→ **Task instructions**
In the listing that follows, the range to quote begins at the line that has "Bitis flip flops" and ends after the line that has "В этом видео"; quote it verbatim and add nothing.

→ **Information provided**

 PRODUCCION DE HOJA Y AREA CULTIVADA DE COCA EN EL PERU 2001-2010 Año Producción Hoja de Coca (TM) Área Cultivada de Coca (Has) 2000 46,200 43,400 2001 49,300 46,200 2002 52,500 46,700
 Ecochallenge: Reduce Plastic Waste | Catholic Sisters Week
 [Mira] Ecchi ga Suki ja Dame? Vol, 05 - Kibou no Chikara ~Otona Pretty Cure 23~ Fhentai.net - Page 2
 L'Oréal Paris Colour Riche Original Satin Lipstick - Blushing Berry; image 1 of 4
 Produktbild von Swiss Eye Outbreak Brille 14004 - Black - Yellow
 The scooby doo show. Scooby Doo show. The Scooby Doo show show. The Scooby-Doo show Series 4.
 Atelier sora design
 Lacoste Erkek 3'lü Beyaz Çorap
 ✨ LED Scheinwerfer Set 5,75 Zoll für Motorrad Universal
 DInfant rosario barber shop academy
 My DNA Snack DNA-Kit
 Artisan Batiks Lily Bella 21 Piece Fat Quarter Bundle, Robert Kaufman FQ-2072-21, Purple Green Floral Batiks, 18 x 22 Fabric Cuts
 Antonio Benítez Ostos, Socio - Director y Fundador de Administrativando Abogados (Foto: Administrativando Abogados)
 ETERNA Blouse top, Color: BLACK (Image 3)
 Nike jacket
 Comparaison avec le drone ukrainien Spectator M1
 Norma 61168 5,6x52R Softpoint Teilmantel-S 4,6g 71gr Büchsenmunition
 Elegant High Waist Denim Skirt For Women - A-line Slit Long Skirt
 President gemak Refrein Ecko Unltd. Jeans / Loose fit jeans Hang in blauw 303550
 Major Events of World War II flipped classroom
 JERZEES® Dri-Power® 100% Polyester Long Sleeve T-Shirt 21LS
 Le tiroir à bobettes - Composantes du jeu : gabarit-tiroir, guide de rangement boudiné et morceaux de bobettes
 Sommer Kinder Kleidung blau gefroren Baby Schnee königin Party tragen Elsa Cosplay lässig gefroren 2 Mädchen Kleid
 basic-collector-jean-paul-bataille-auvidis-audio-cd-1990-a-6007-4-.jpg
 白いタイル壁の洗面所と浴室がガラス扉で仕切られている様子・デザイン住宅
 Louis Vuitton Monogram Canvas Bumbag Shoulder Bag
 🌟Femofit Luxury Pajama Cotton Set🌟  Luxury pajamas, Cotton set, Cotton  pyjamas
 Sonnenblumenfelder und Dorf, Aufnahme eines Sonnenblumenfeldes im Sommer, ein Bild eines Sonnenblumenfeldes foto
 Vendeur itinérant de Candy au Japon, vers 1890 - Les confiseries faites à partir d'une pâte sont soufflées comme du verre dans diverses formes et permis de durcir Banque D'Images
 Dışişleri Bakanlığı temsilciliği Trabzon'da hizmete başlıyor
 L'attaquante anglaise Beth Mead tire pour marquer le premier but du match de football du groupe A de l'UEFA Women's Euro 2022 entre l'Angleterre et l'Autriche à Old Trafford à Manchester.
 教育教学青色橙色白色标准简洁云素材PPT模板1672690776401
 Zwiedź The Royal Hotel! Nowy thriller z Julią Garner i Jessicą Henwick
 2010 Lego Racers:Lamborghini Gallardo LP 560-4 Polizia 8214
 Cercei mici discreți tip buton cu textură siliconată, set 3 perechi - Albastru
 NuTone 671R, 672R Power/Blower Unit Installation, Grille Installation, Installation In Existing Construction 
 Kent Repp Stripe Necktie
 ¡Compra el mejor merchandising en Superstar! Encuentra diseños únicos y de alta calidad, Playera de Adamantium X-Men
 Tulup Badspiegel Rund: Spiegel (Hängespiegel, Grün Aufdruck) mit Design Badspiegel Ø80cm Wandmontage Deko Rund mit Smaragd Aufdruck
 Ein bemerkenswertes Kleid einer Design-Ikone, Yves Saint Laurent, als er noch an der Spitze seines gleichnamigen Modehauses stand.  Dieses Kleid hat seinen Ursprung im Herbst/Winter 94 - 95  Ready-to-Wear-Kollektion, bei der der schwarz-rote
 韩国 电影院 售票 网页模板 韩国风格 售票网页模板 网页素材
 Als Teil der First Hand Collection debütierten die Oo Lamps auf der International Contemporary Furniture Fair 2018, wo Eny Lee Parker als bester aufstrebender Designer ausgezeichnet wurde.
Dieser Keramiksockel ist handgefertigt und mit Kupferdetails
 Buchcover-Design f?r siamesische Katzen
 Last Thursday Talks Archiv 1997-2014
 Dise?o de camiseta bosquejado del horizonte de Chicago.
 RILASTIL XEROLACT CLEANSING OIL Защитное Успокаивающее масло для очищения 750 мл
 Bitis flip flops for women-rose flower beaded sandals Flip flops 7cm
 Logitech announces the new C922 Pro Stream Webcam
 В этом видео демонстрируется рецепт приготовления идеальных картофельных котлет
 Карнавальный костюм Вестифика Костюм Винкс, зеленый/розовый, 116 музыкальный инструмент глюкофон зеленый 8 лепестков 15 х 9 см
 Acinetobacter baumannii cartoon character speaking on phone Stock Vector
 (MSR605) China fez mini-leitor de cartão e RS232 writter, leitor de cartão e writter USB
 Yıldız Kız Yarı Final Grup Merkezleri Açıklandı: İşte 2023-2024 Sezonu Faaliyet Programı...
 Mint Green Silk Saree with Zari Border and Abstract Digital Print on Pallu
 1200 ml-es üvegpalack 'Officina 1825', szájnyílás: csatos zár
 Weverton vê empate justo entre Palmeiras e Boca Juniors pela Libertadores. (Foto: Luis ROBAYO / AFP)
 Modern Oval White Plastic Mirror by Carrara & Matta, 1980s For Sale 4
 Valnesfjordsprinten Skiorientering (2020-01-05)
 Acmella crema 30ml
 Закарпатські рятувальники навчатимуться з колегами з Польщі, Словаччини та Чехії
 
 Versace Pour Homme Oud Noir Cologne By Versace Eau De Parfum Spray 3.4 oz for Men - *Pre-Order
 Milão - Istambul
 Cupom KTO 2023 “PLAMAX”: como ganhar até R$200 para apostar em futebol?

→ **Solution to this problem**
 Bitis flip flops for women-rose flower beaded sandals Flip flops 7cm
 Logitech announces the new C922 Pro Stream Webcam
 В этом видео демонстрируется рецепт приготовления идеальных картофельных котлет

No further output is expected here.